━━━ Supplied records

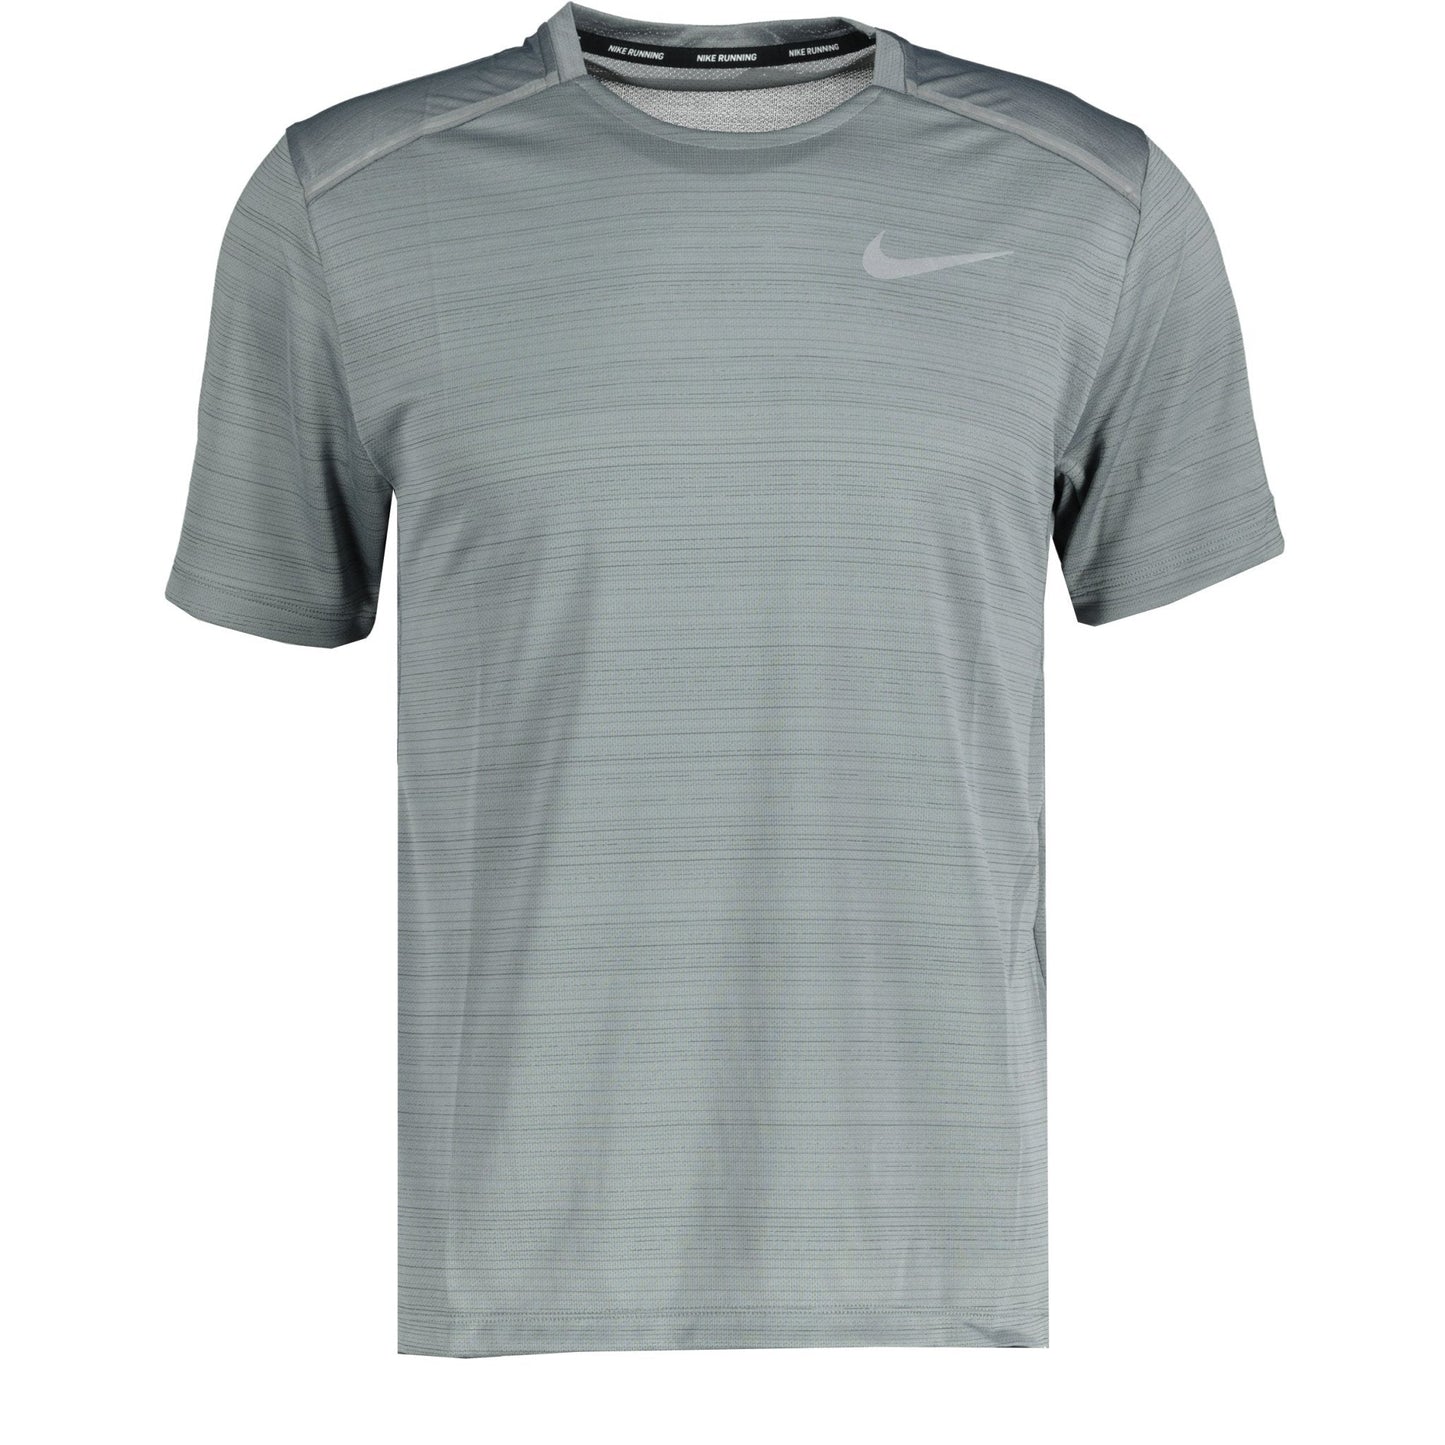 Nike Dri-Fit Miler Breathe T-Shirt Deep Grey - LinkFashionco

━━━━━━
━━━ Supplied records

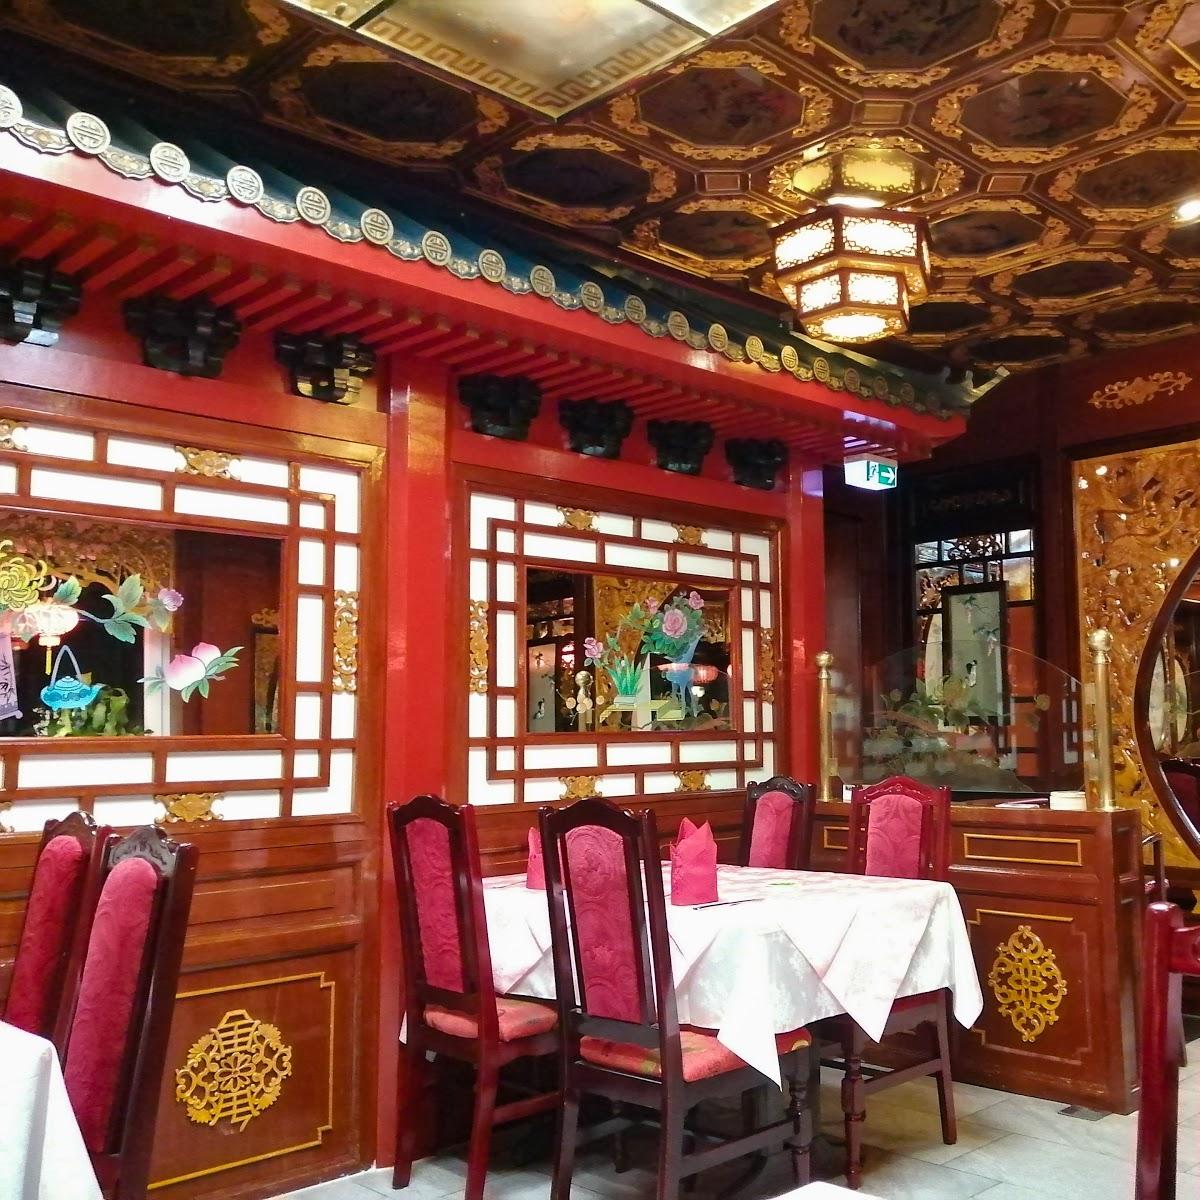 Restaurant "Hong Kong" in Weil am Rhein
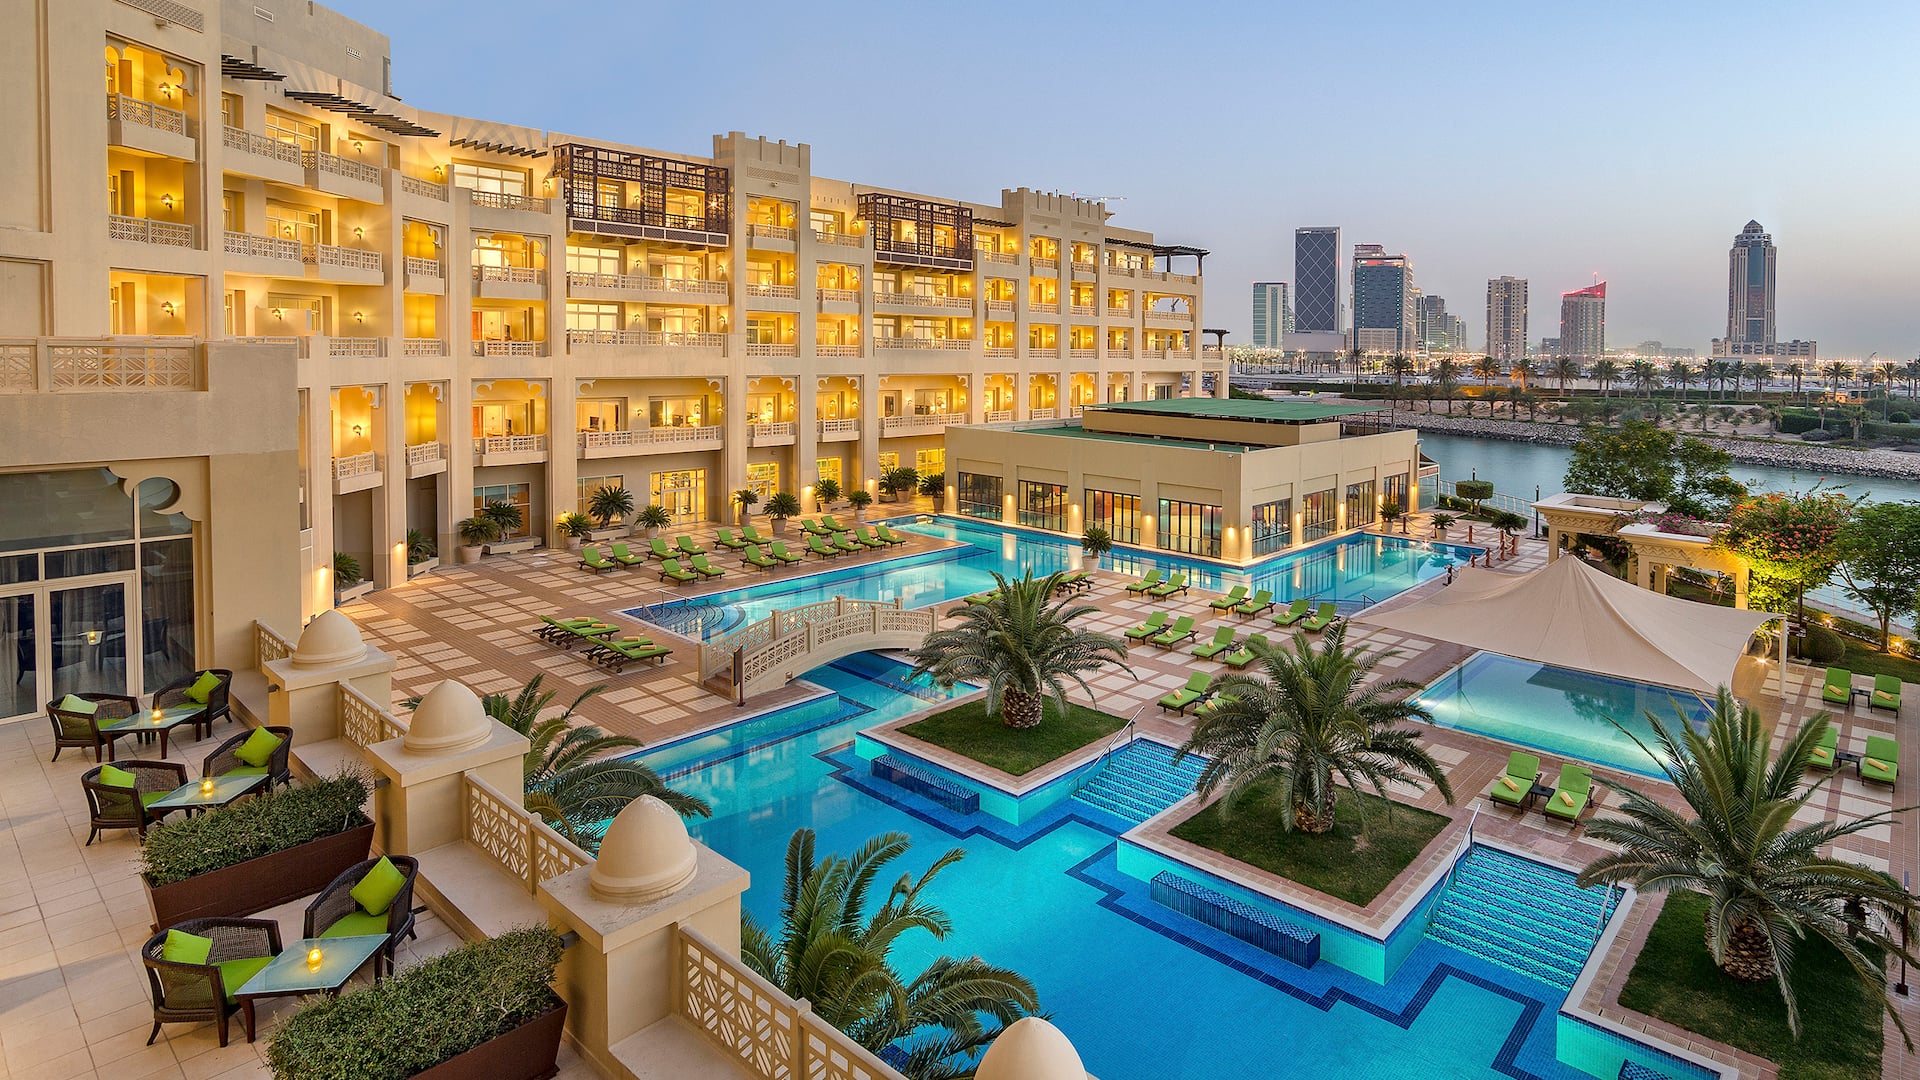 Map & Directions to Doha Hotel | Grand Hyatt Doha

━━━━━━

— Directions for this task —
An exact copy is needed. It runs from the line above containing "Weil am Rhein" down to the line containing "Map & Directions", both included, with no pictures.

— Solution to this task —
 Restaurant "Hong Kong" in Weil am Rhein
 Map & Directions to Doha Hotel | Grand Hyatt Doha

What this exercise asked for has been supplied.